◆ GIVEN MATERIAL
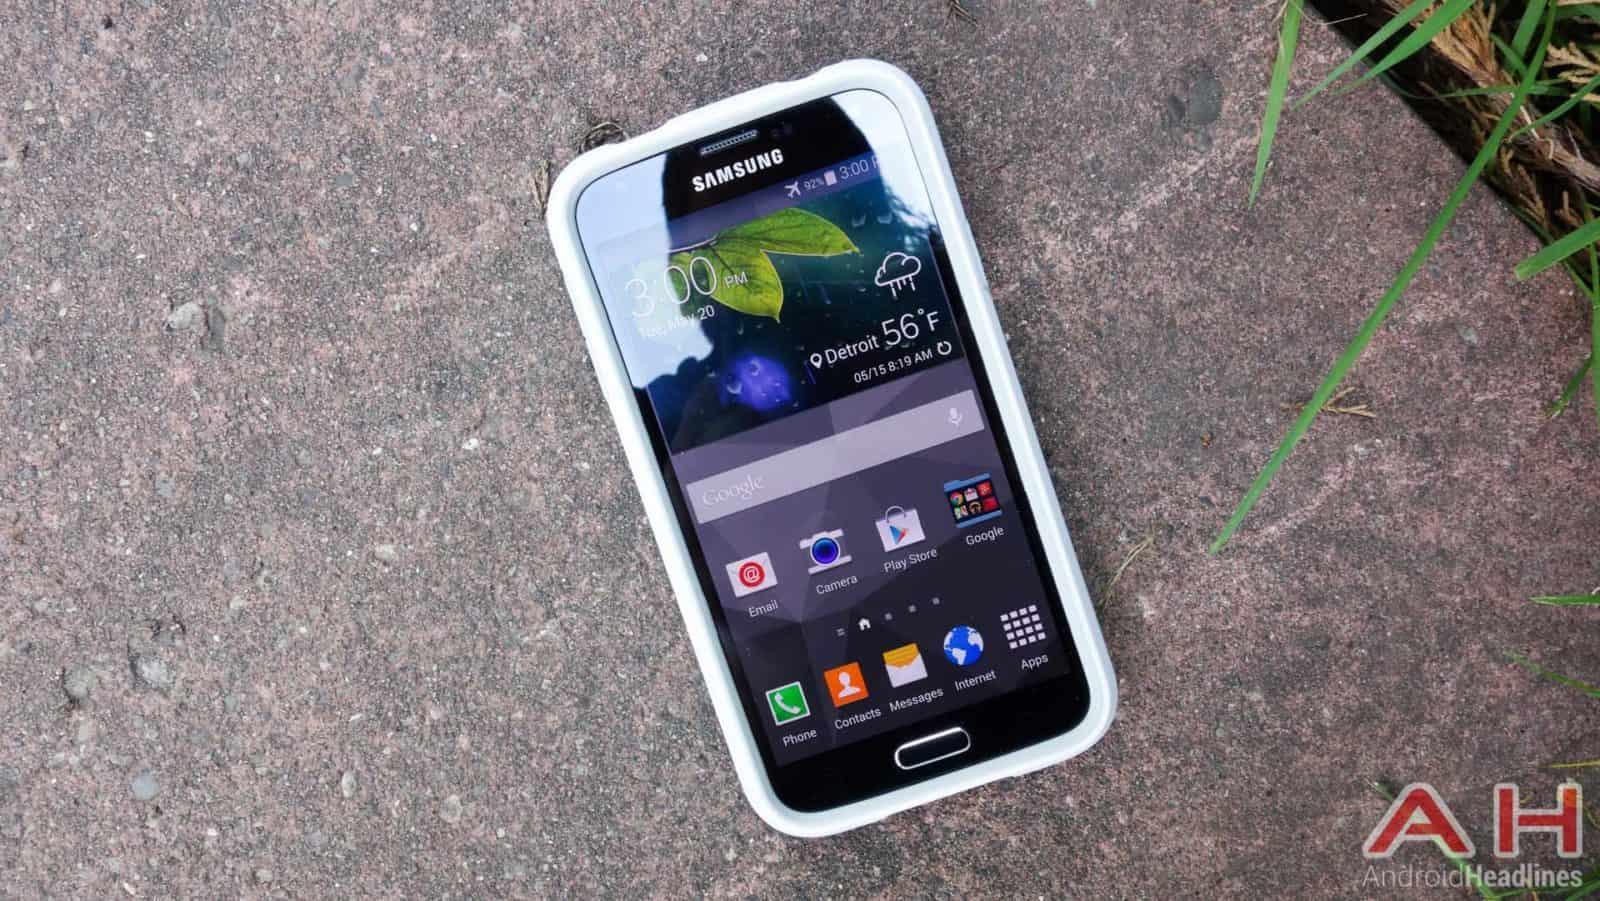 Samsung-Galaxy-S5-Pelican-Voyager-Case-Review-AH-3
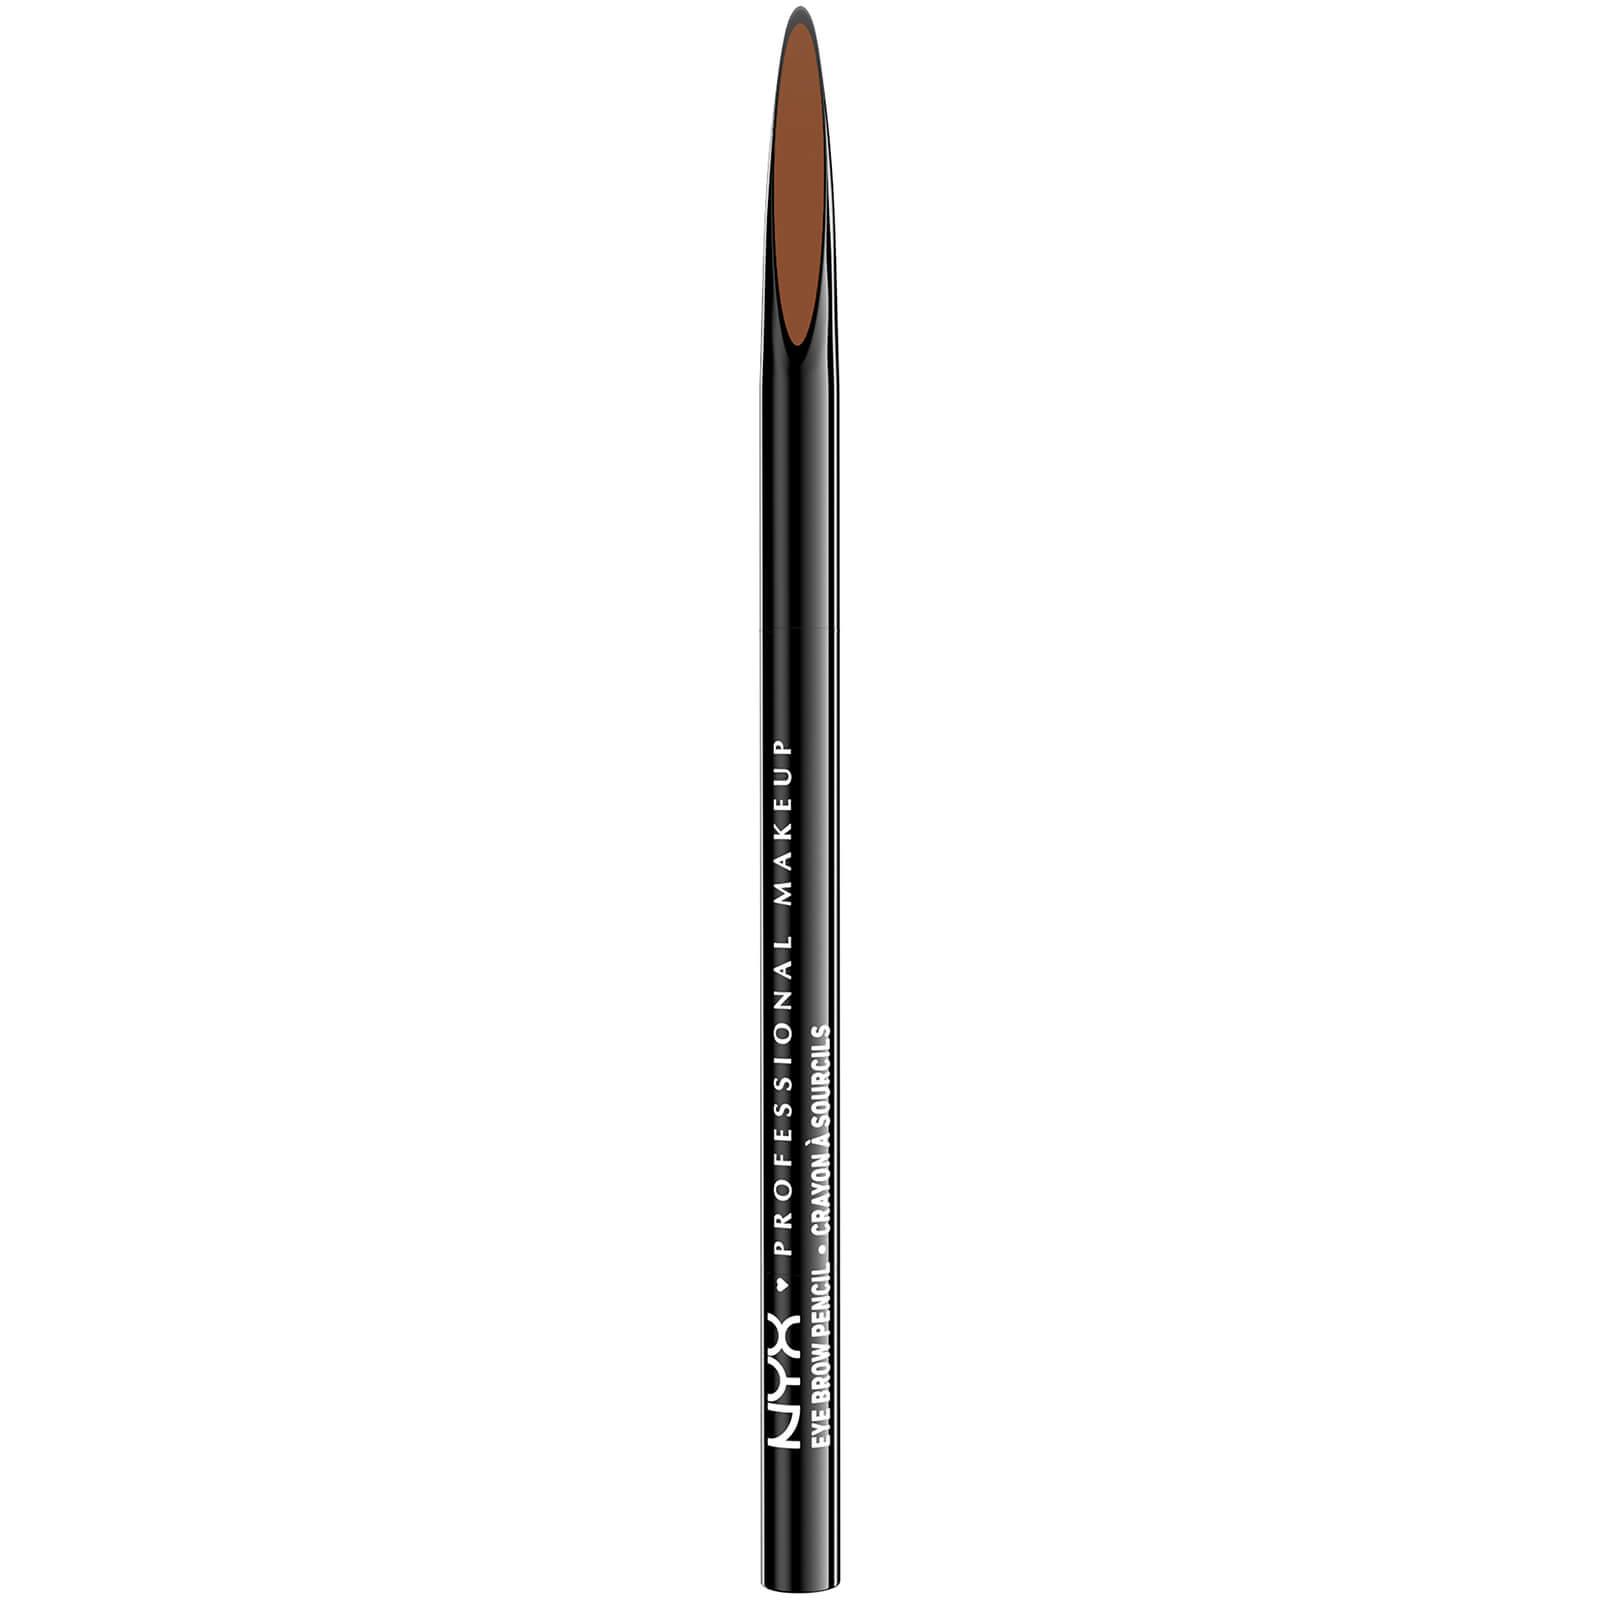 nyx professional makeup precision brow pencil (various shades) - espresso
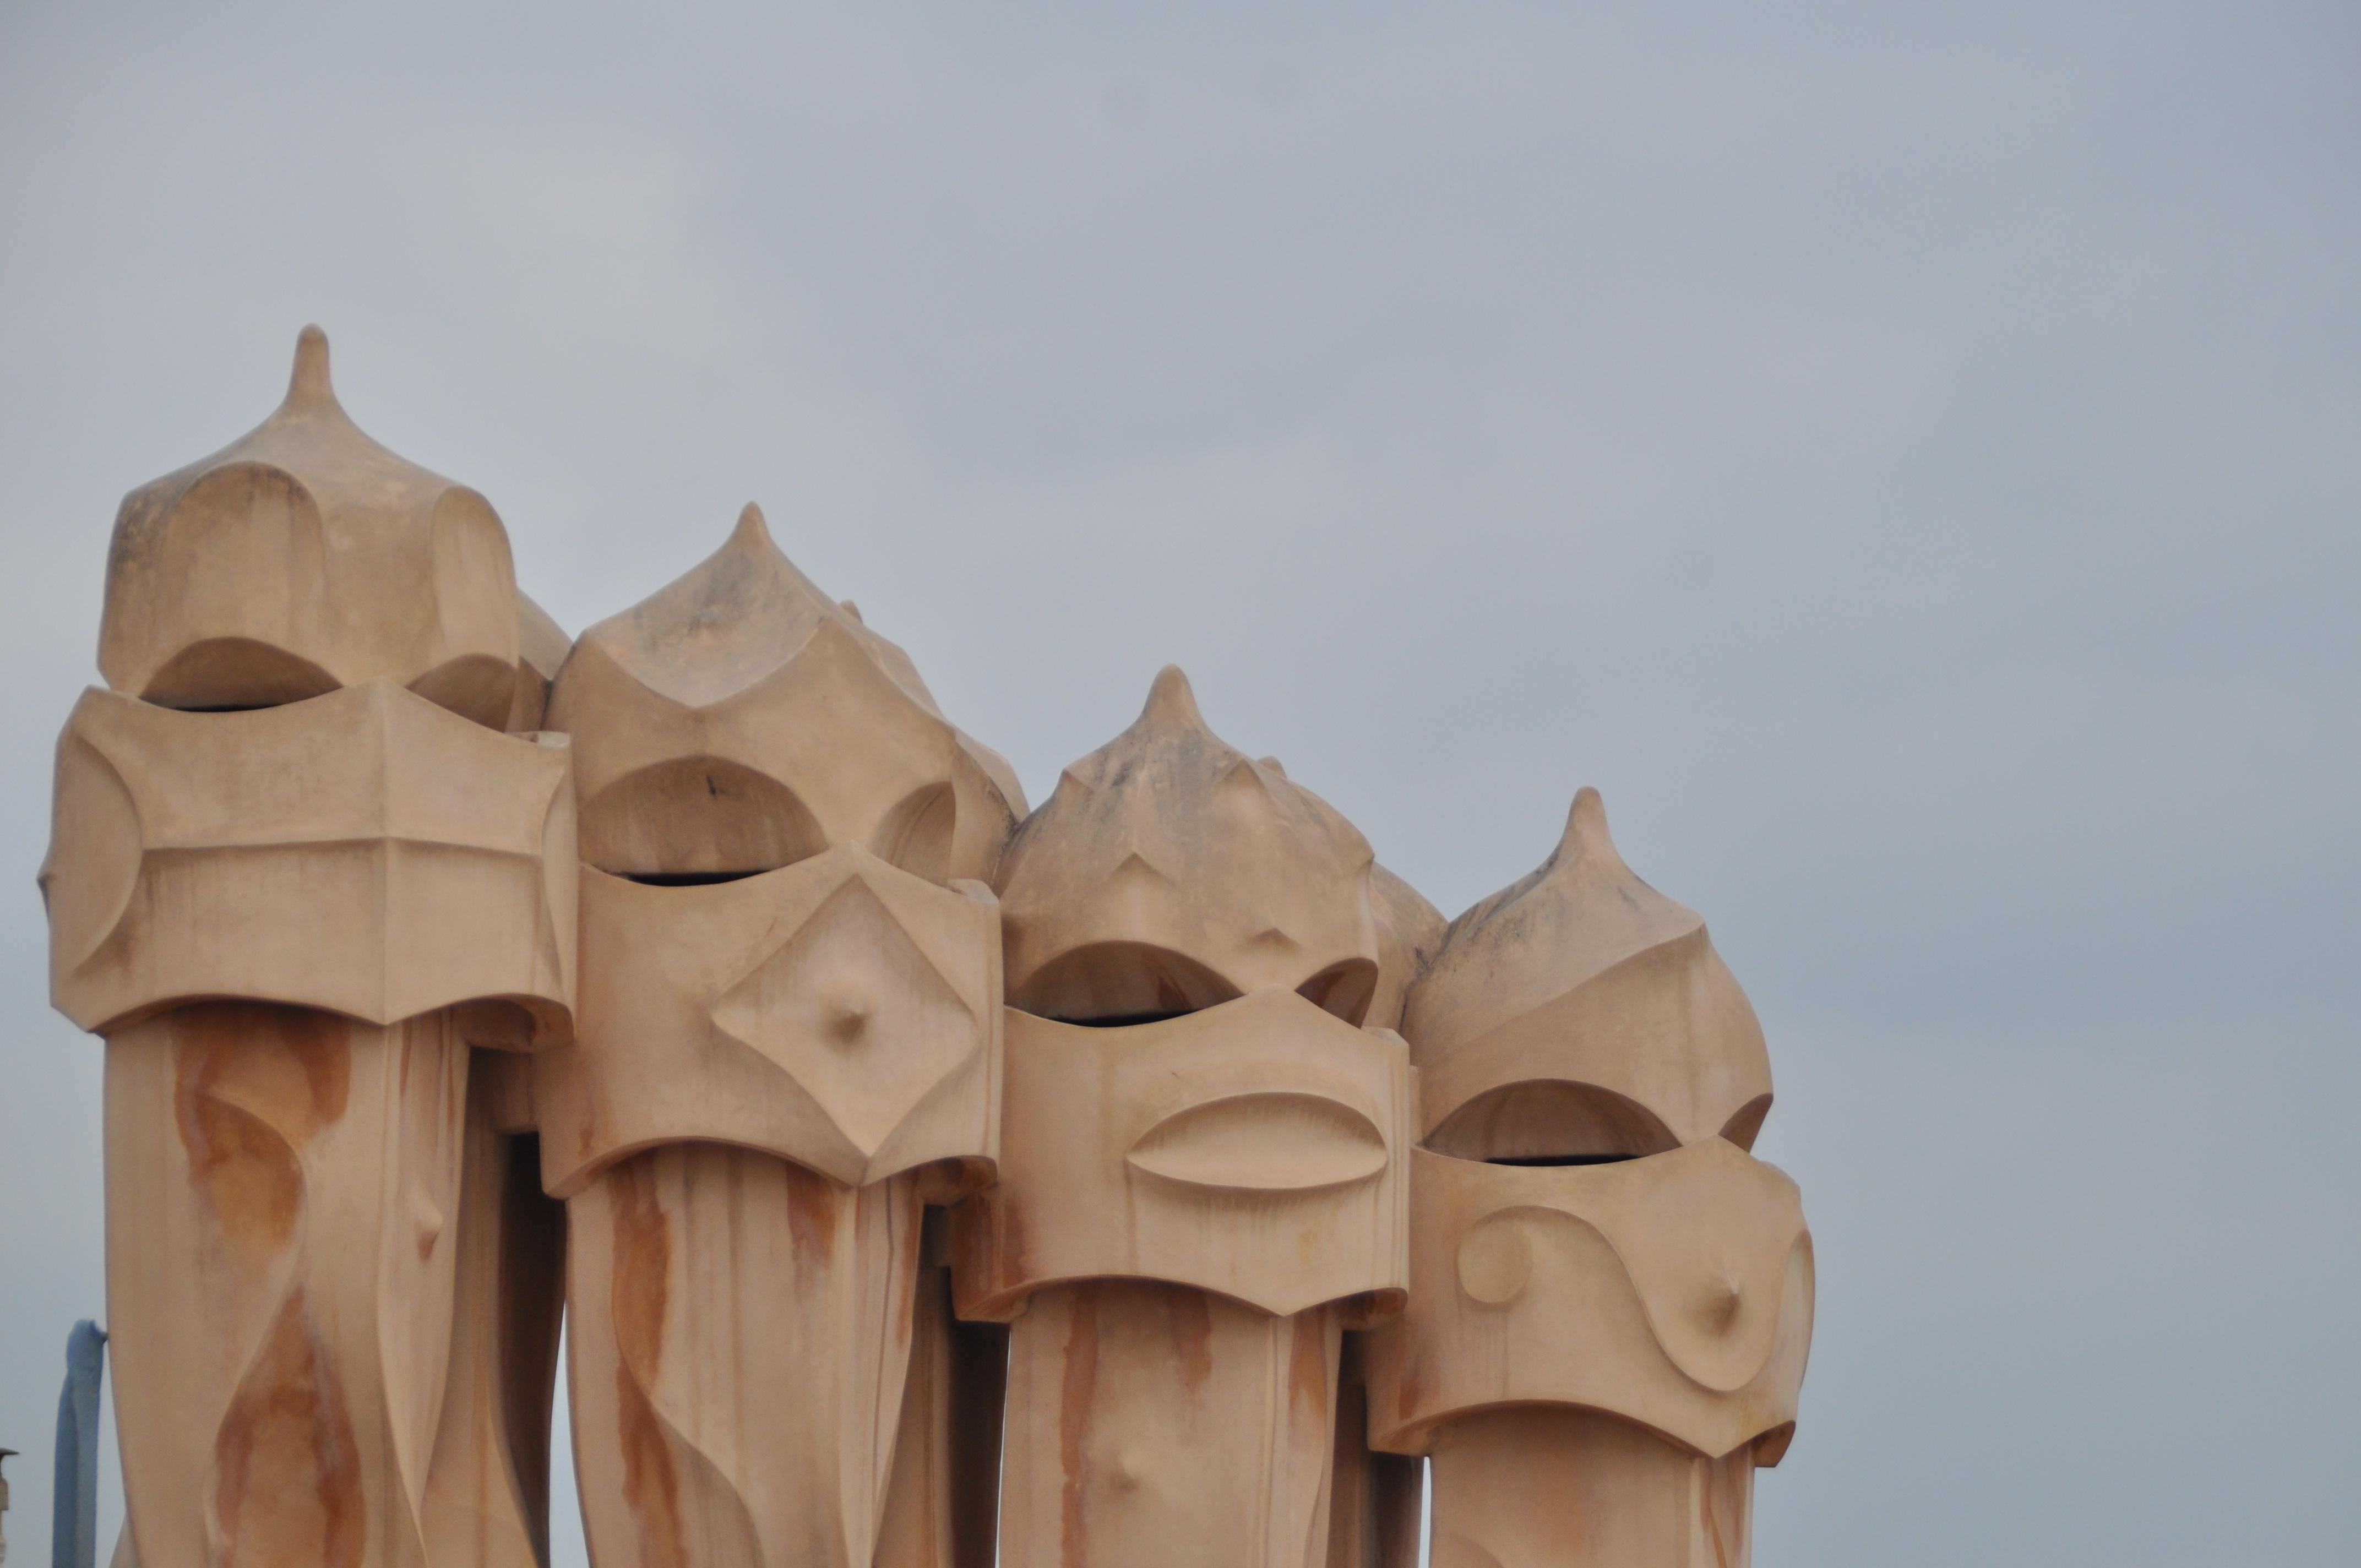 arena madera casa pared de piedra barcelona lugares de inters escultura art espaa divertido templo

◆ EXERCISE AIM
Transcribe the material exactly, and leave out whatever pictures it holds.

◆ SOLVED EXERCISE
 Samsung-Galaxy-S5-Pelican-Voyager-Case-Review-AH-3
 nyx professional makeup precision brow pencil (various shades) - espresso
 arena madera casa pared de piedra barcelona lugares de inters escultura art espaa divertido templo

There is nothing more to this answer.